What is expected
Take the line with "Brothers Wall Painting" as the first and the last line of the data as the end. Write out both and every line between exactly, except pictures.

-------- Recorded information --------

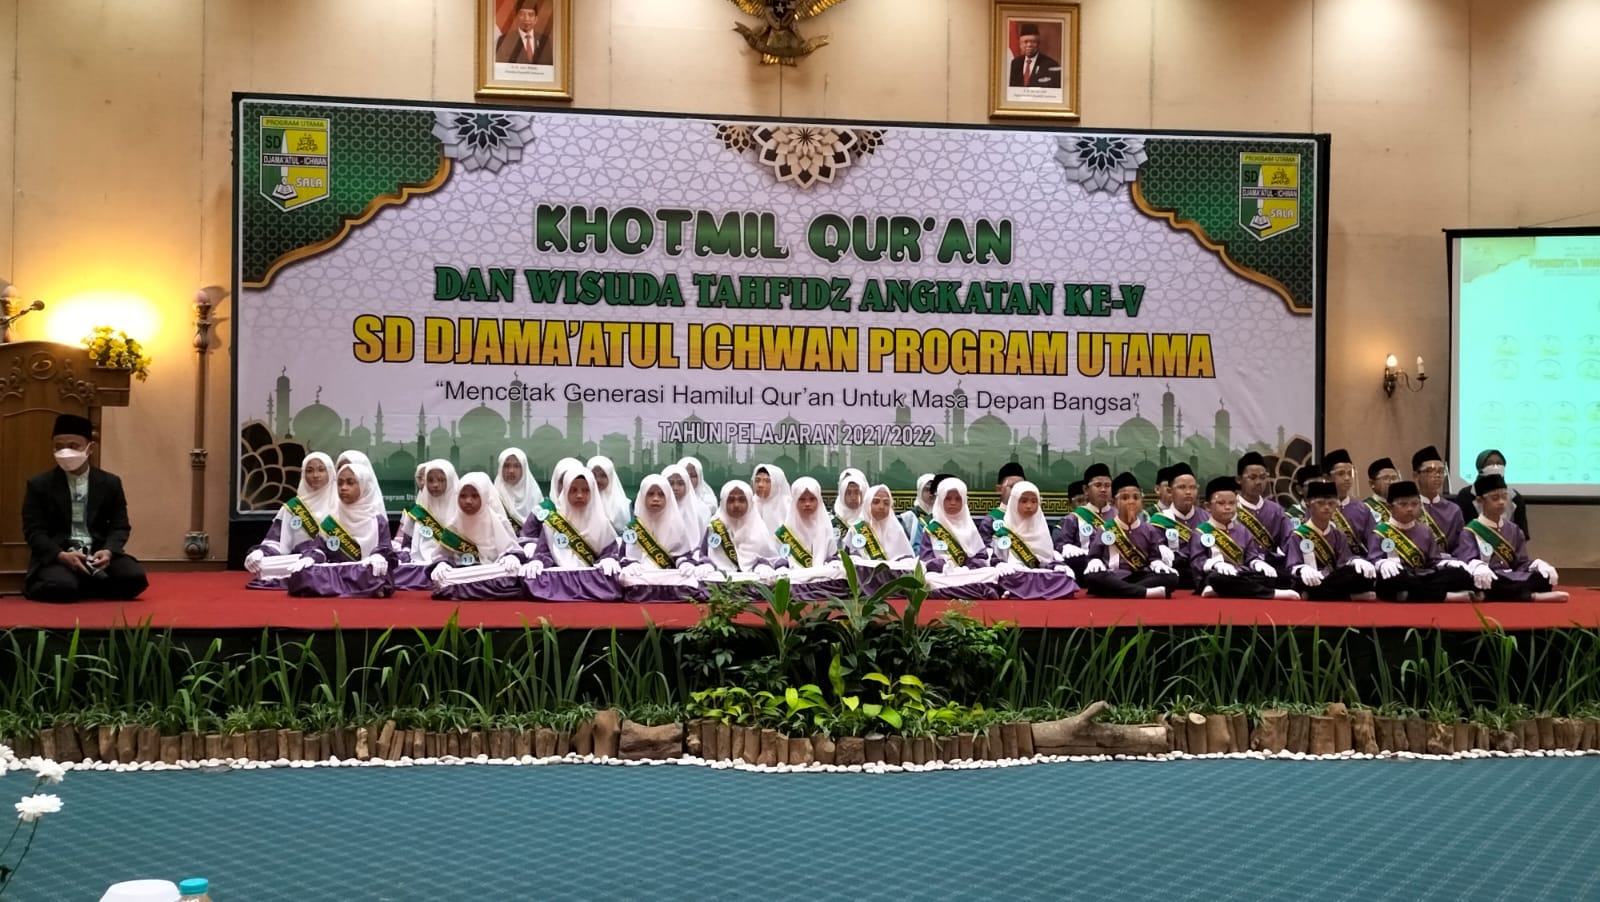 Qhotmil Quran Angkatan Ke 5 Sd Djamaatul Ichwan Program Utama Sd Djamaatul Ichwan Program Utama 7592
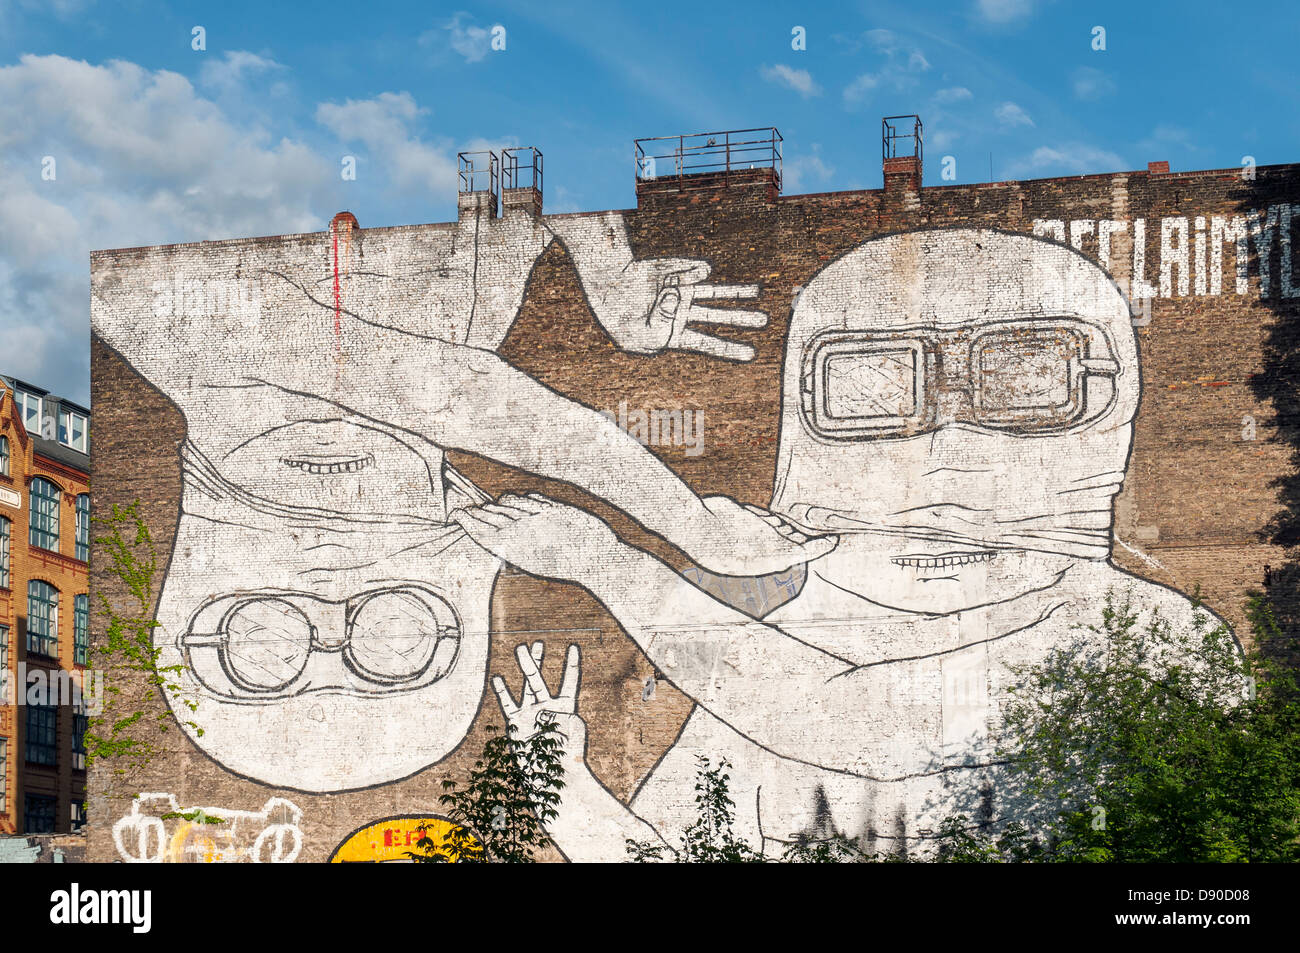 Brothers Wall Painting by artist Blu, Kreuzberg Street Art, Berlin, Germany Stock Photo
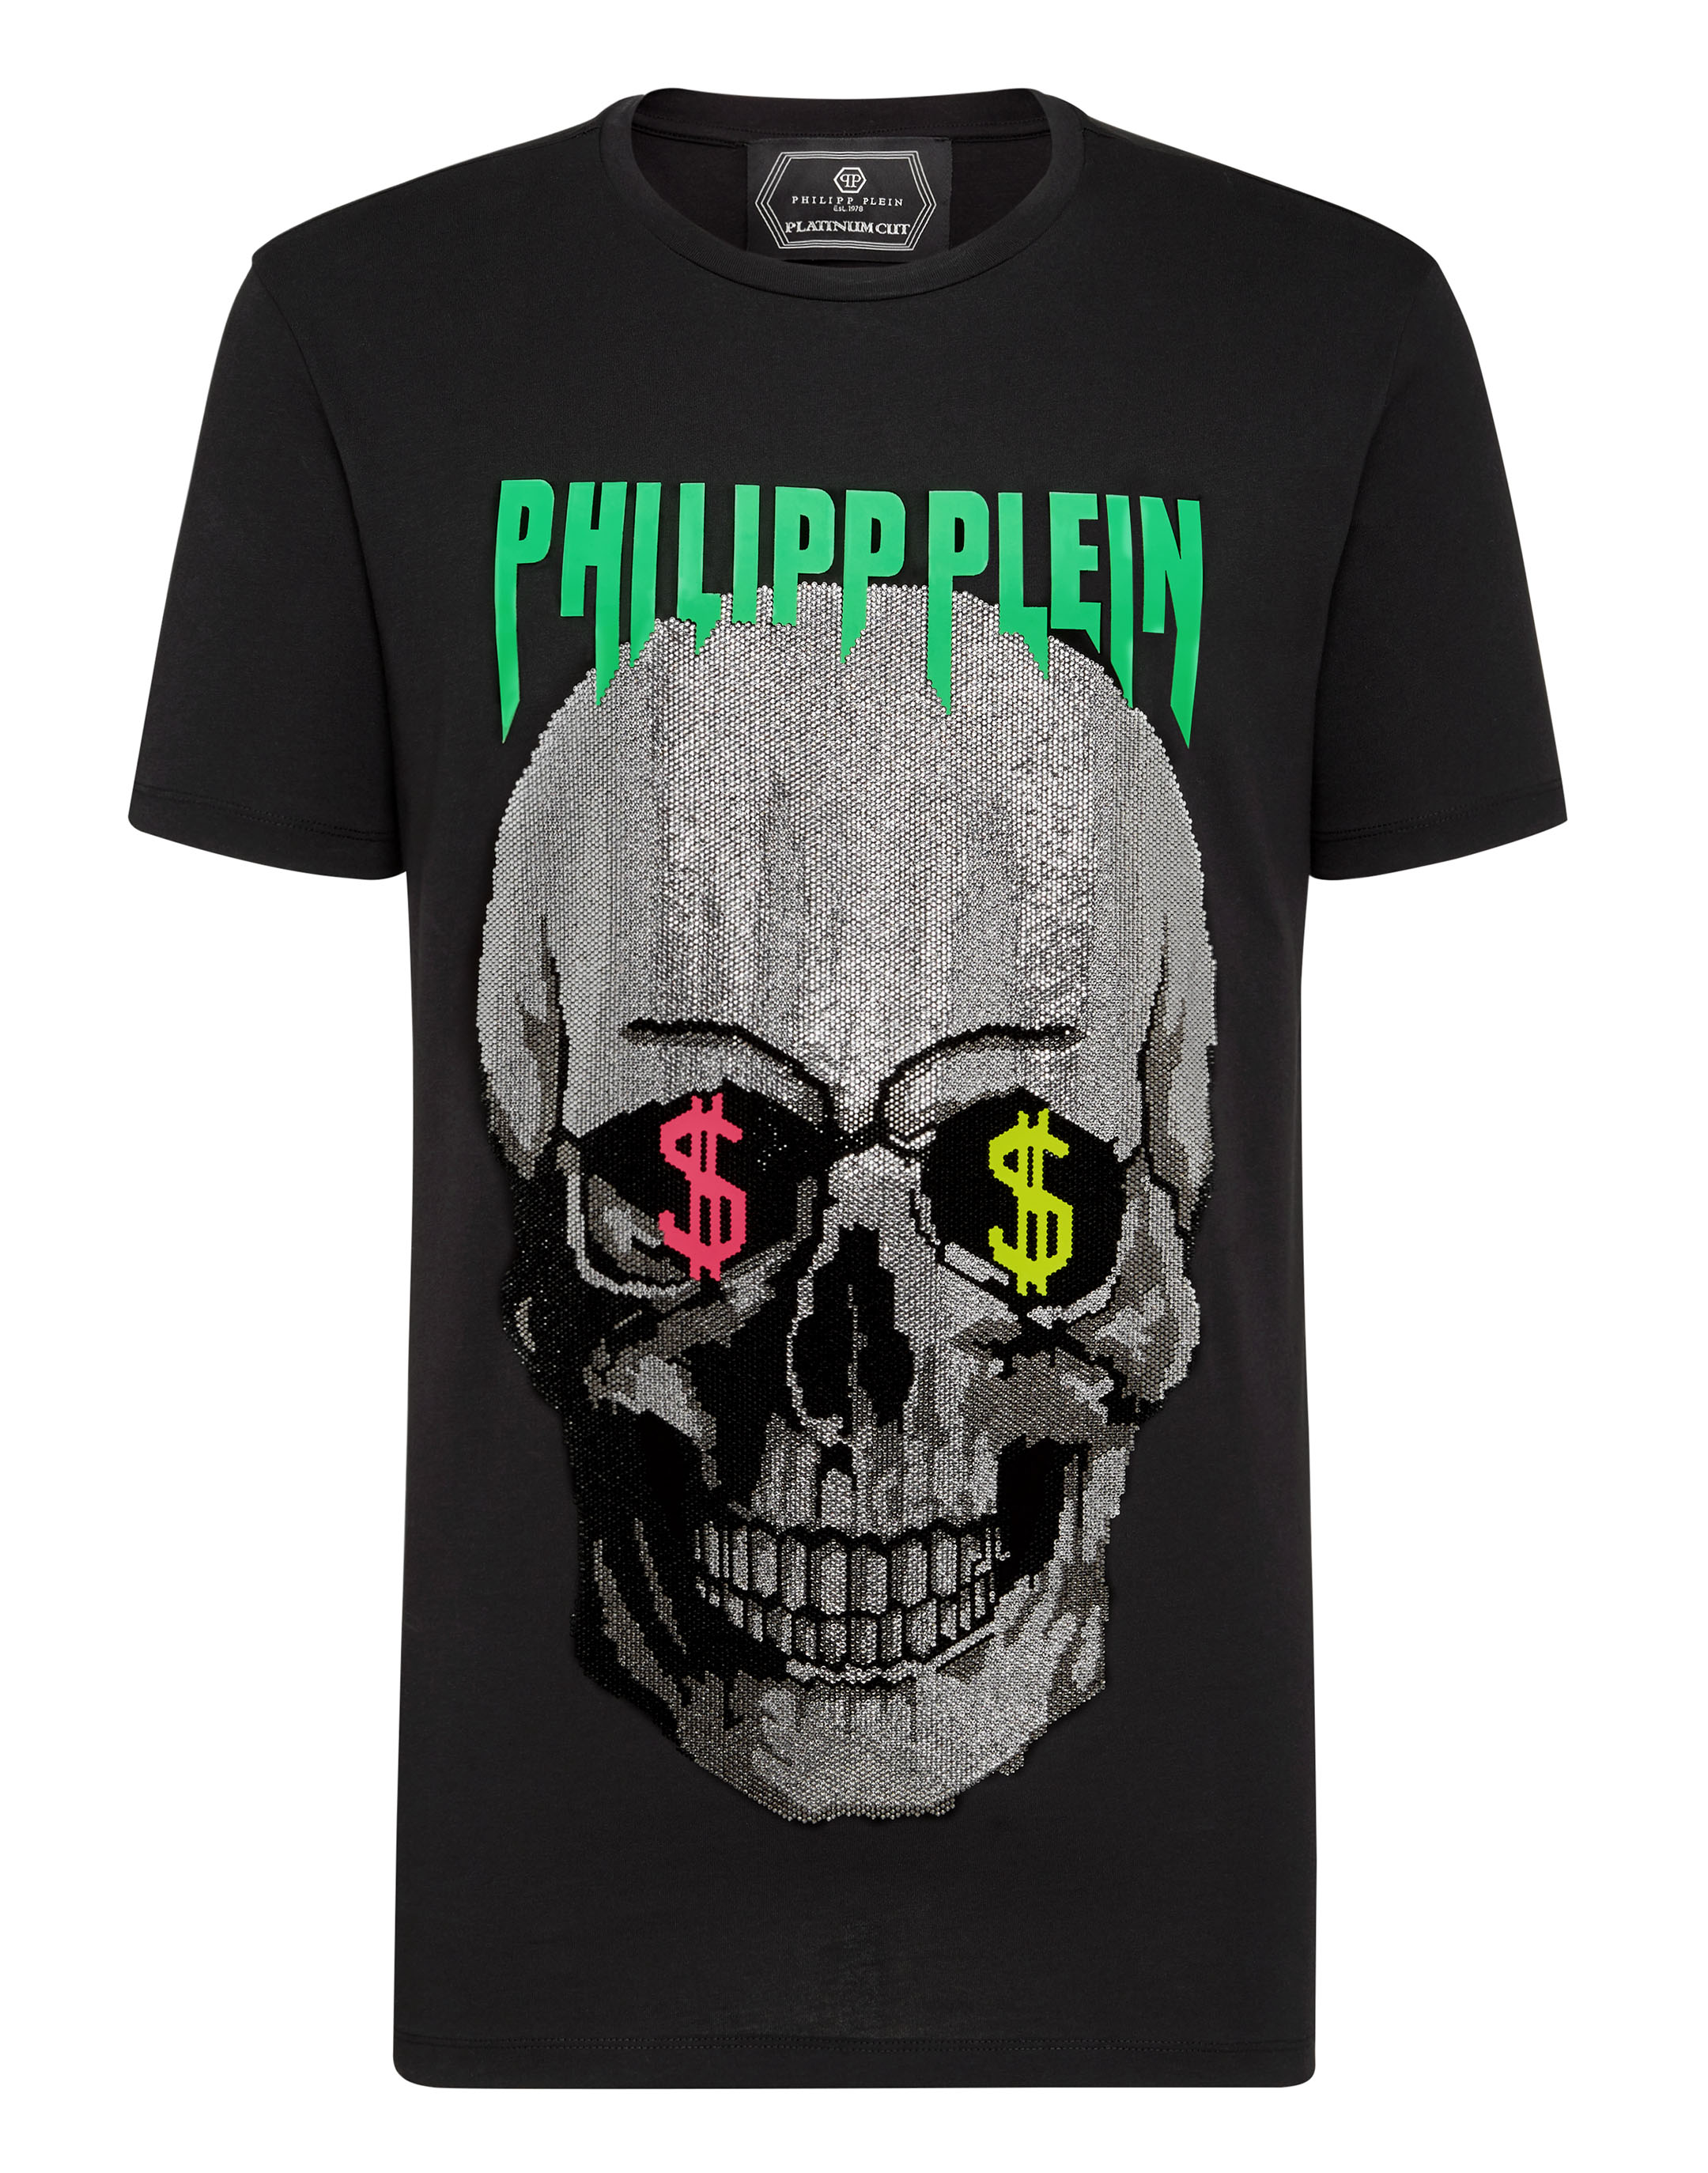 philipp plein t shirts online india

--------

Exercise solution
 Brothers Wall Painting by artist Blu, Kreuzberg Street Art, Berlin, Germany Stock Photo
 philipp plein t shirts online india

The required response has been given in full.